* How to complete this task
The answer must consist solely of the lines from the line with "IKEA - Parup" to the end of the data below, transcribed exactly and with no pictures.

* Data below
= = = = = = =
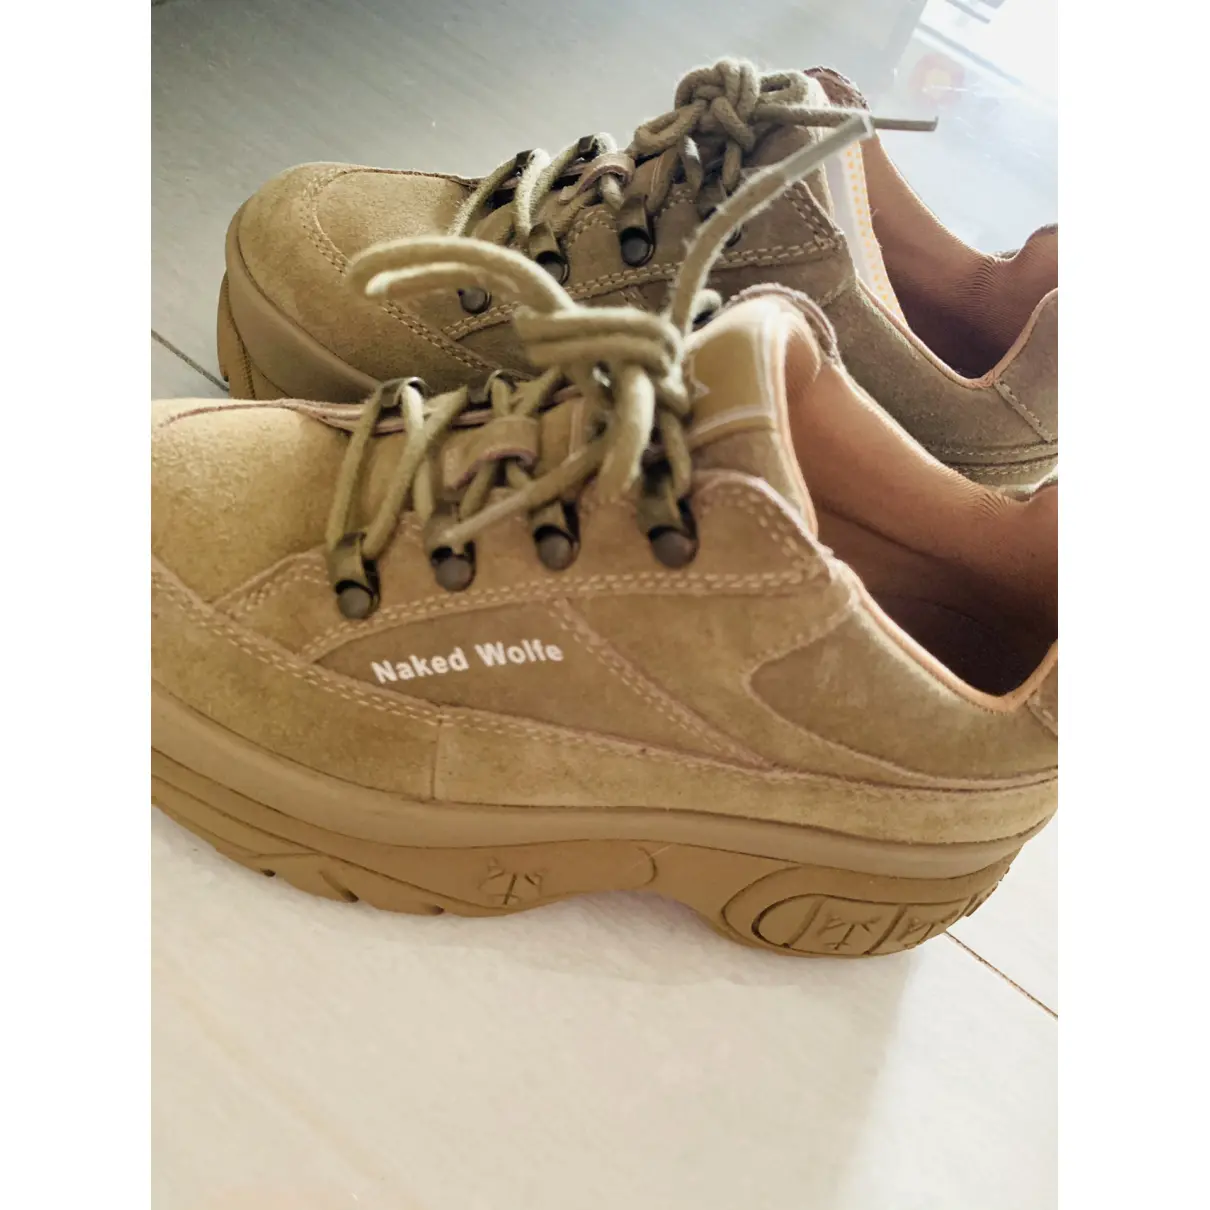 Buy Naked Wolfe Trainers online
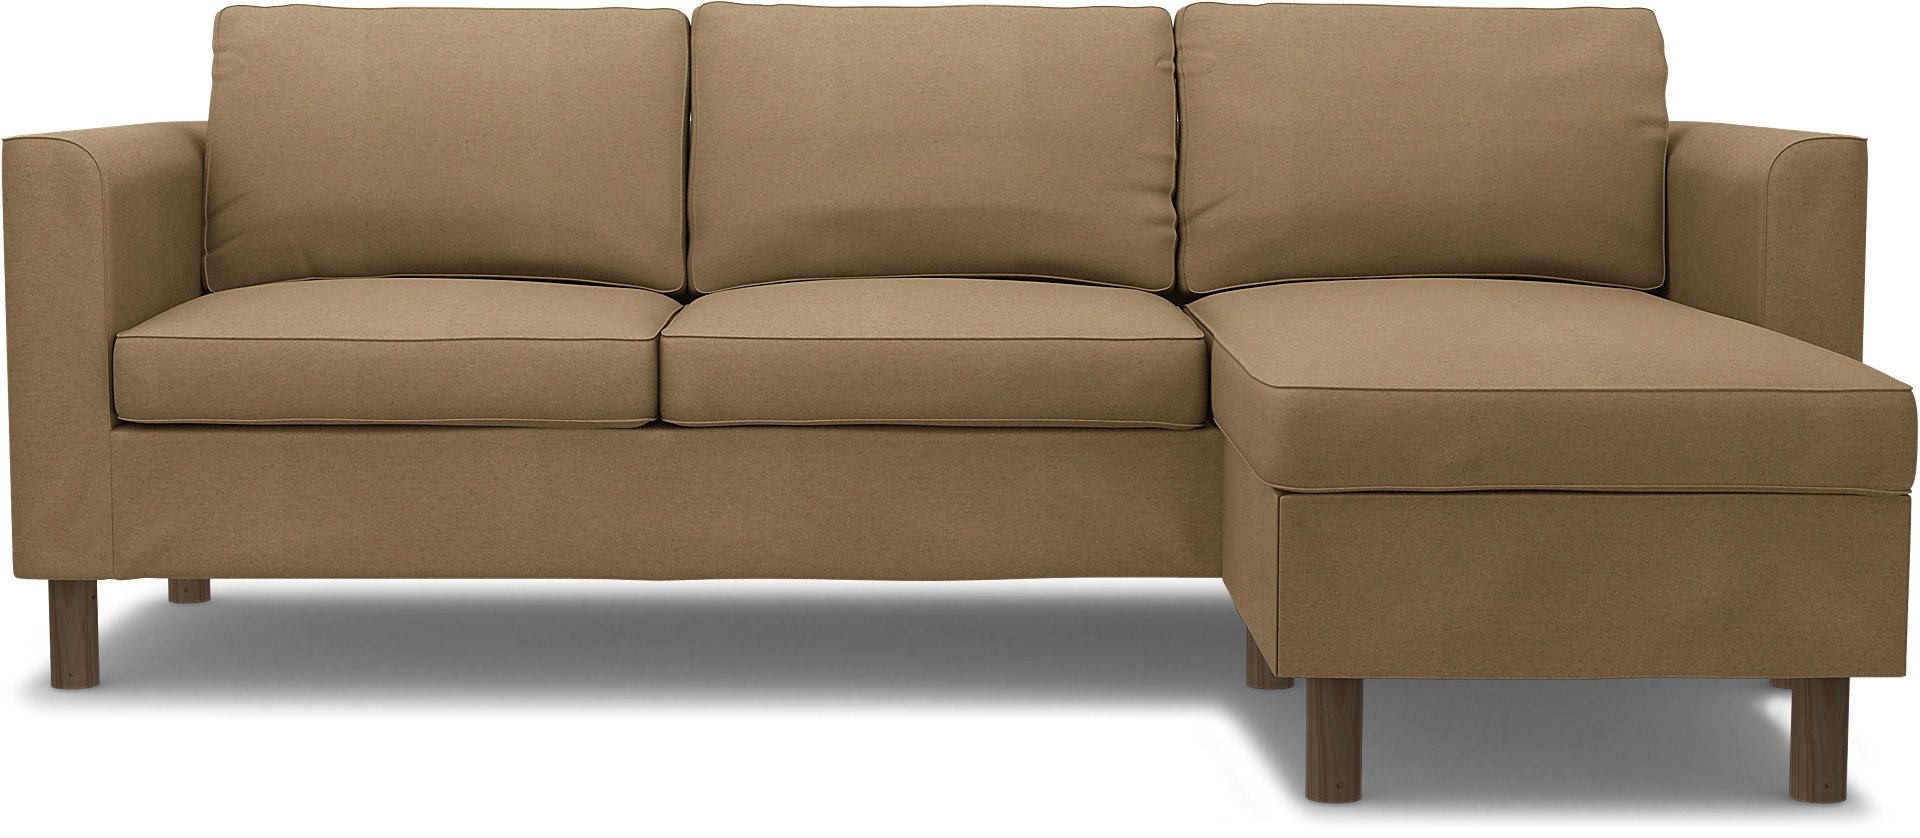 IKEA - Parup 3 Seater with chaise longue, Sand, Wool - Bemz
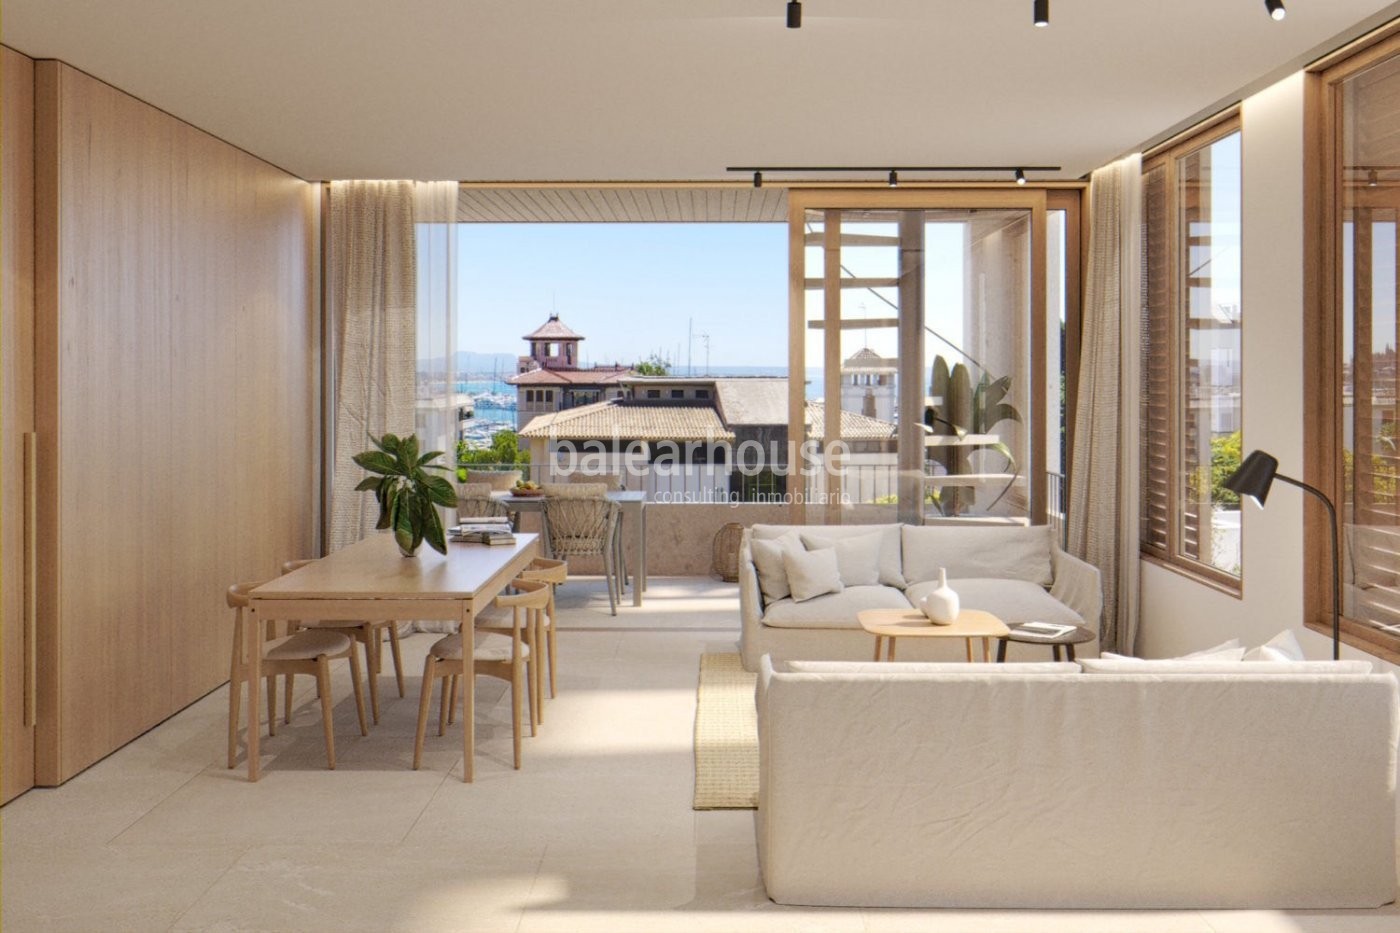 Excellent penthouse with swimming pool and private solarium in a green and quiet area of Palma
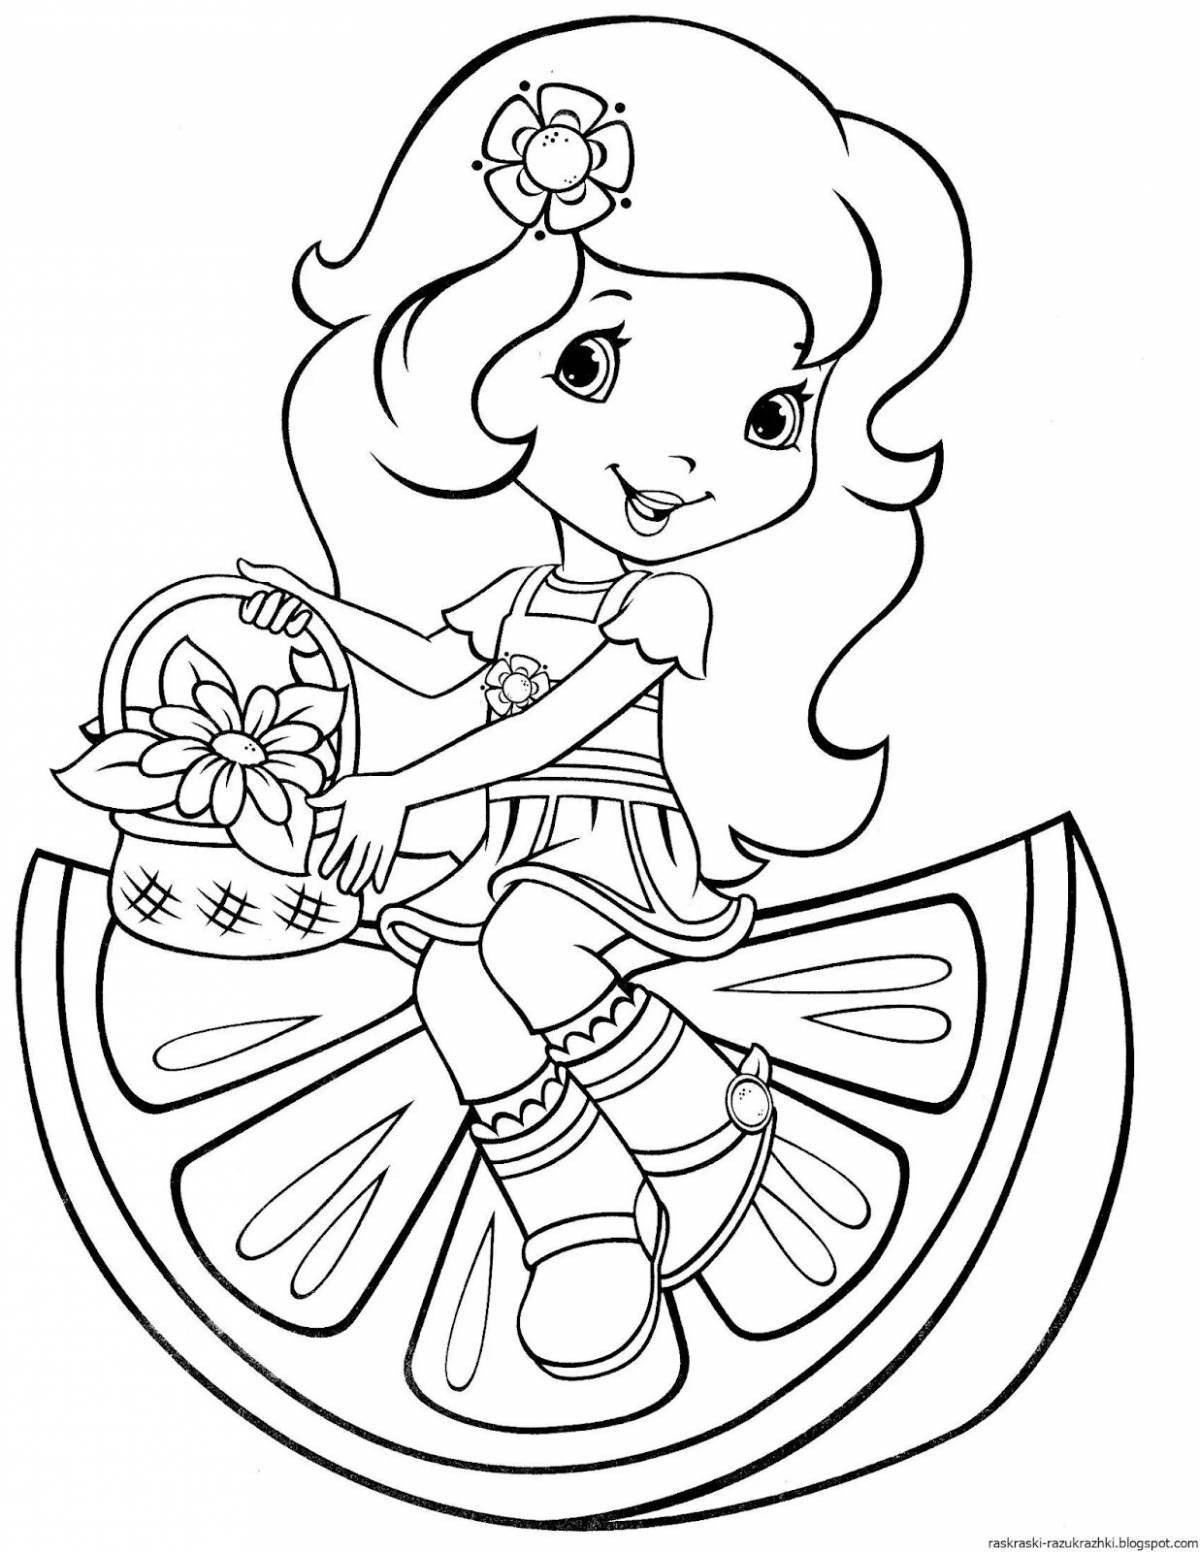 Playful princess coloring book for girls 4-5 years old
= = = = = = =
* Written response
 IKEA - Parup 3 Seater with chaise longue, Sand, Wool - Bemz
 Excellent penthouse with swimming pool and private solarium in a green and quiet area of Palma
 Playful princess coloring book for girls 4-5 years old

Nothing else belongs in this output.